LINUS, one of a numerous class of heroic figures in Greek legend, of which other examples are found in Hyacinthus and Adonis. The connected legend is always of the same character: a beautiful youth, fond of hunting and rural life, the favourite of some god or goddess, suddenly perishes by a terrible death. In many cases the religious background of the legend is preserved by the annual ceremonial that commemorated it. At Argos this religious character of the Linus myth was best preserved: the secret child of Psamathe by the god Apollo, Linus is exposed, nursed by sheep and torn in pieces by sheep-dogs. Every year at the festival Amis or Cynophontis, the women of Argos mourned for Linus and propitiated Apollo, who in revenge for his child's death had sent a female monster (Poine), which tore the children from their mothers' arms. Lambs were sacrificed, all dogs found running loose were killed, and women and children raised a lament for Linus and Psamathe (Pausanias i. 43. 7; Conon, Narrat. 19). In the Theban version, Linus, the son of Amphimarus and the muse Urania, was a famous musician, inventor of the Linus song, who was said to have been slain by Apollo, because he had challenged him to a contest (Pausanias ix. 29. 6). A later story makes him the teacher of Heracles, by whom he was killed because he had rebuked his pupil for stupidity (Apollodorus ii. 4. 9). On Mount Helicon there was a grotto containing his statue, to which sacrifice was offered every year before the sacrifices to the Muses. From being the inventor of musical methods, he was finally transformed by later writers into a composer of prophecies and legends. He was also said to have adapted the Phoenician letters introduced by Cadmus to the Greek language. It is generally agreed that Linus and Ailinus are of Semitic origin, derived from the words ai lanu (woe to us), which formed the burden of the Adonis and similar songs popular in the East. The Linus song is mentioned in Homer; the tragedians often use the word atXivos as the refrain in mournful songs, and Euripides calls the custom a Phrygian one. Linus, originally the personification of the song of lamentation, becomes, like Adonis, Maneros, Narcissus, the representative of the tender life of nature and of the vegetation destroyed by the fiery heat of the dog-star.

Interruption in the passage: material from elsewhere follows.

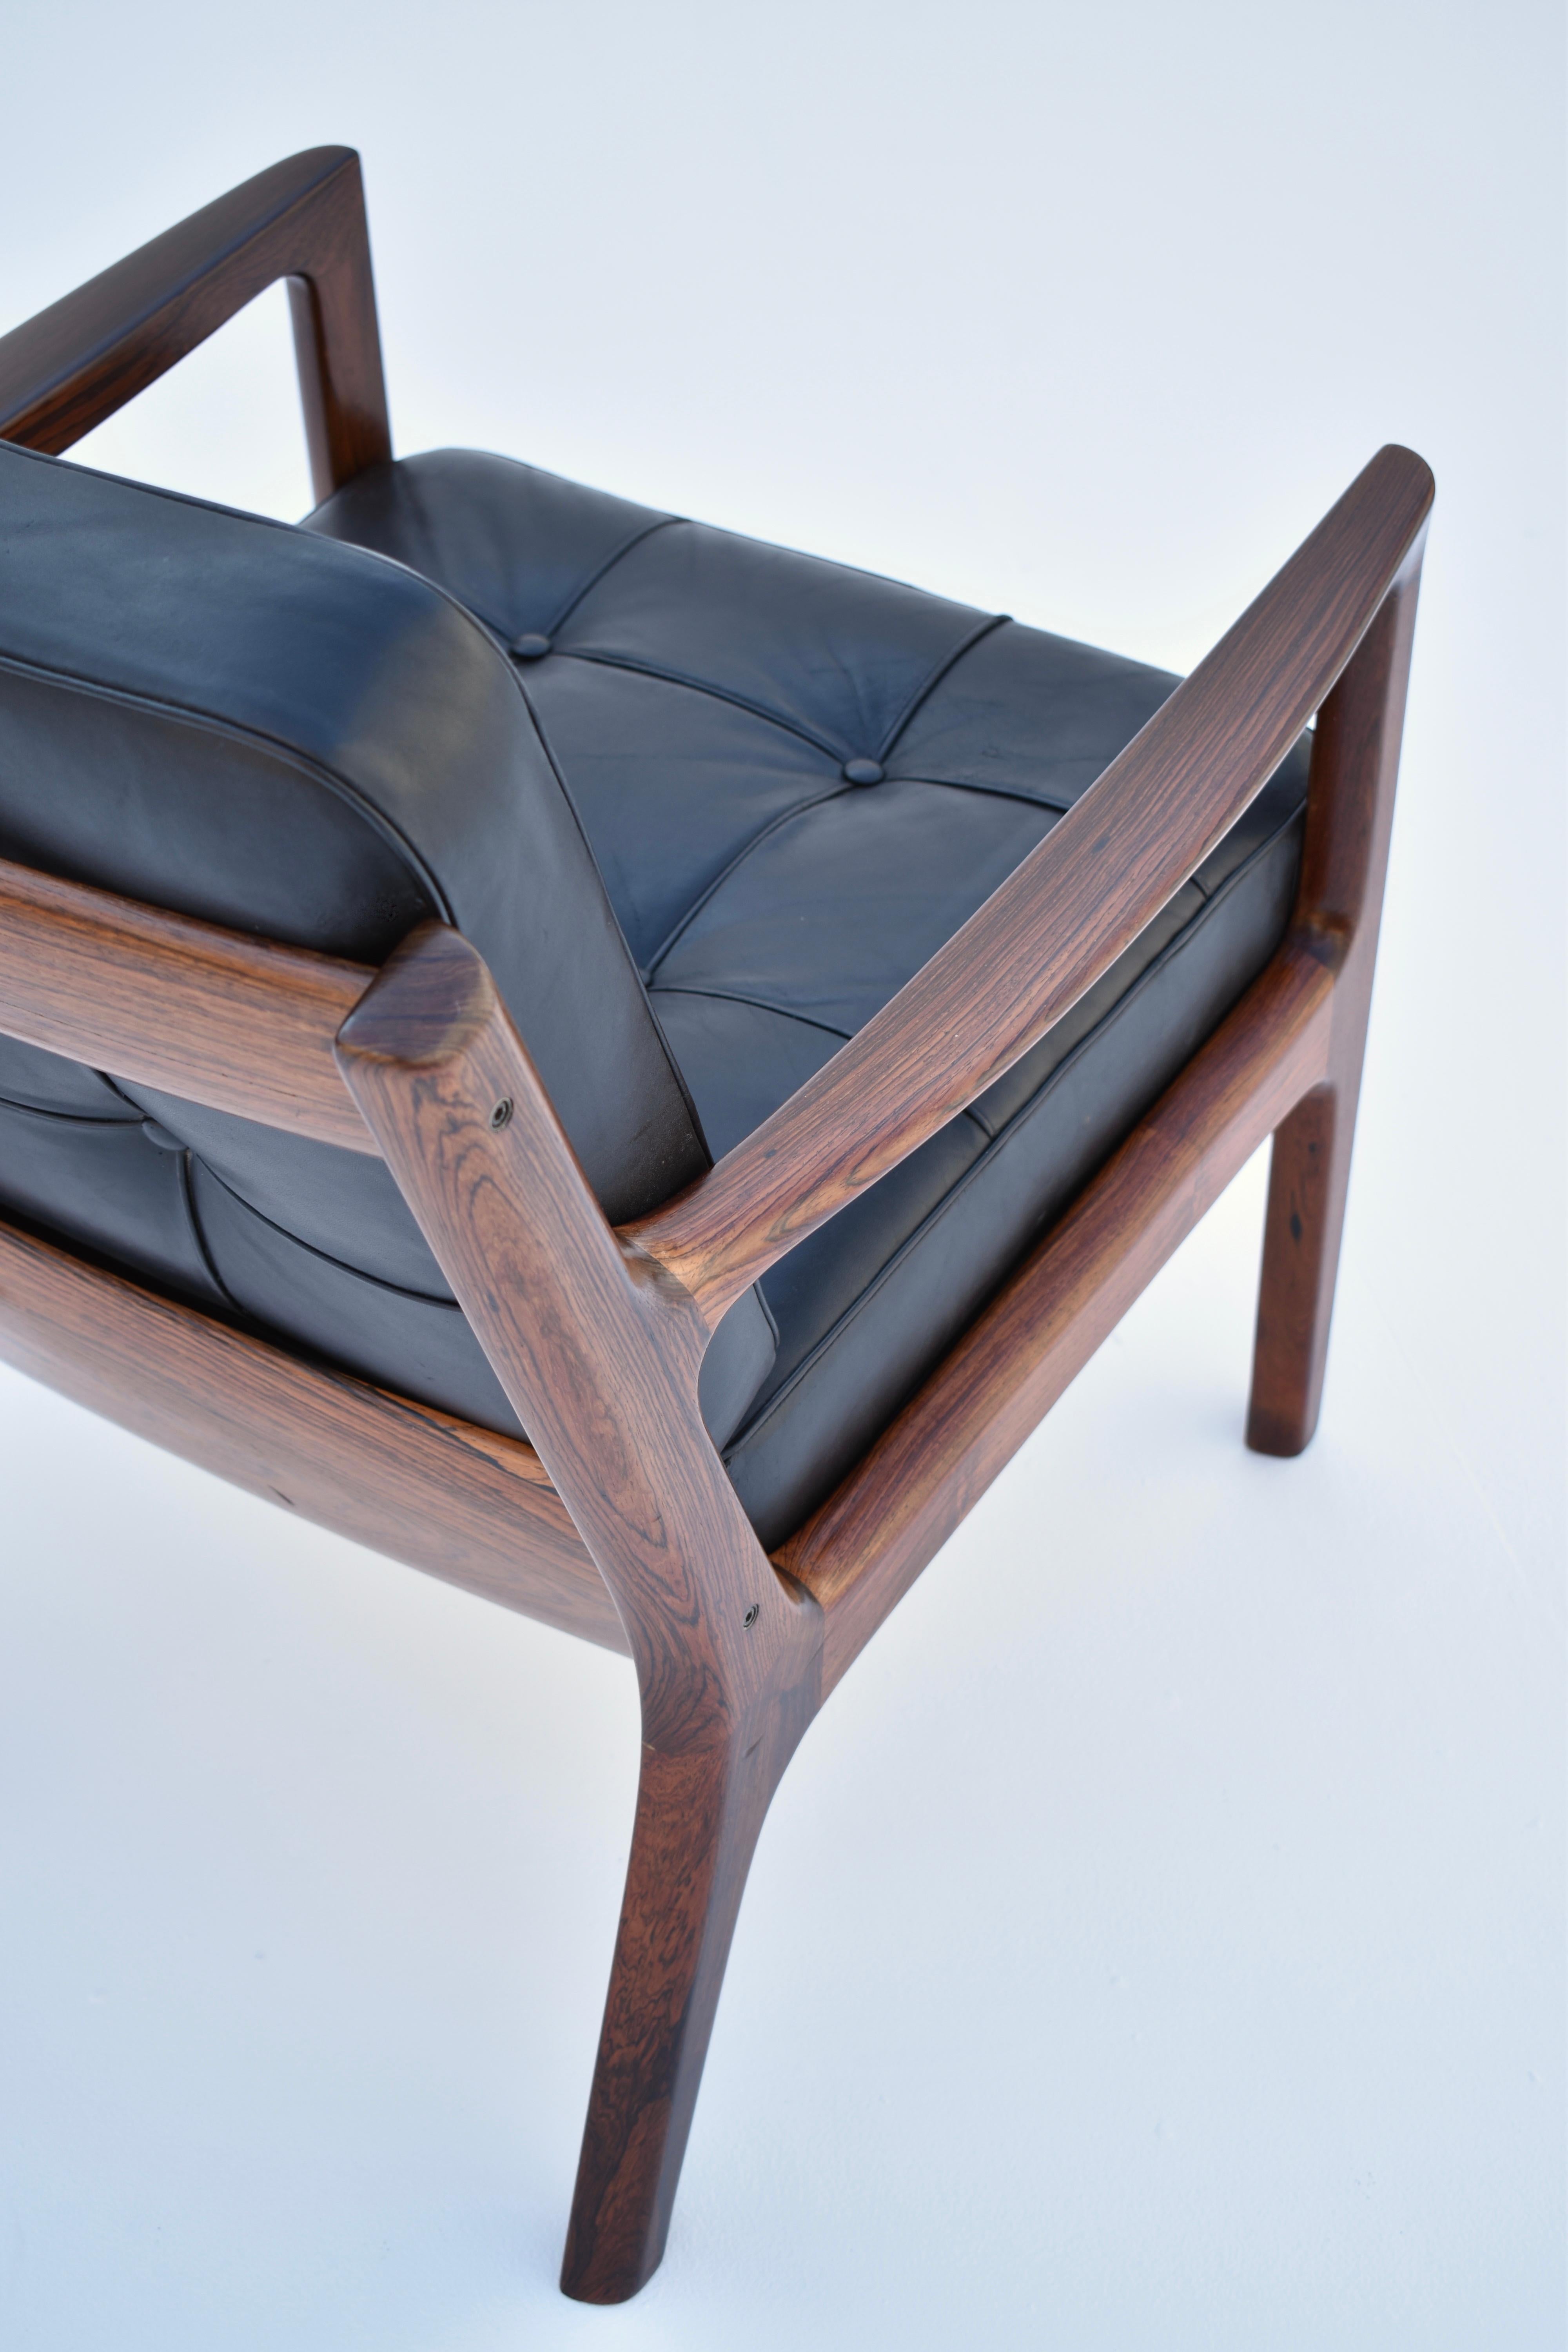 Leather Ole Wanscher Model 166 Rosewood 'Senator' Lounge Chair For France & Son, Denmark

The chief work on the subject is H. Brugsch, Die Adonisklage und das Linoslied (1852); see also article in Roscher's Lexikon der Mythologie; J. G. Frazer, Golden Bough (ii. 224, 253), where, the identity of Linus with Adonis (possibly a corn-spirit) being assumed, the lament is explained as the lamentation of the reapers over the dead corn-spirit; W. Mannhardt, Wold- und Feldculte, ii. 281.

Note - this article incorporates content from Encyclopaedia Britannica, Eleventh Edition, (1910-1911)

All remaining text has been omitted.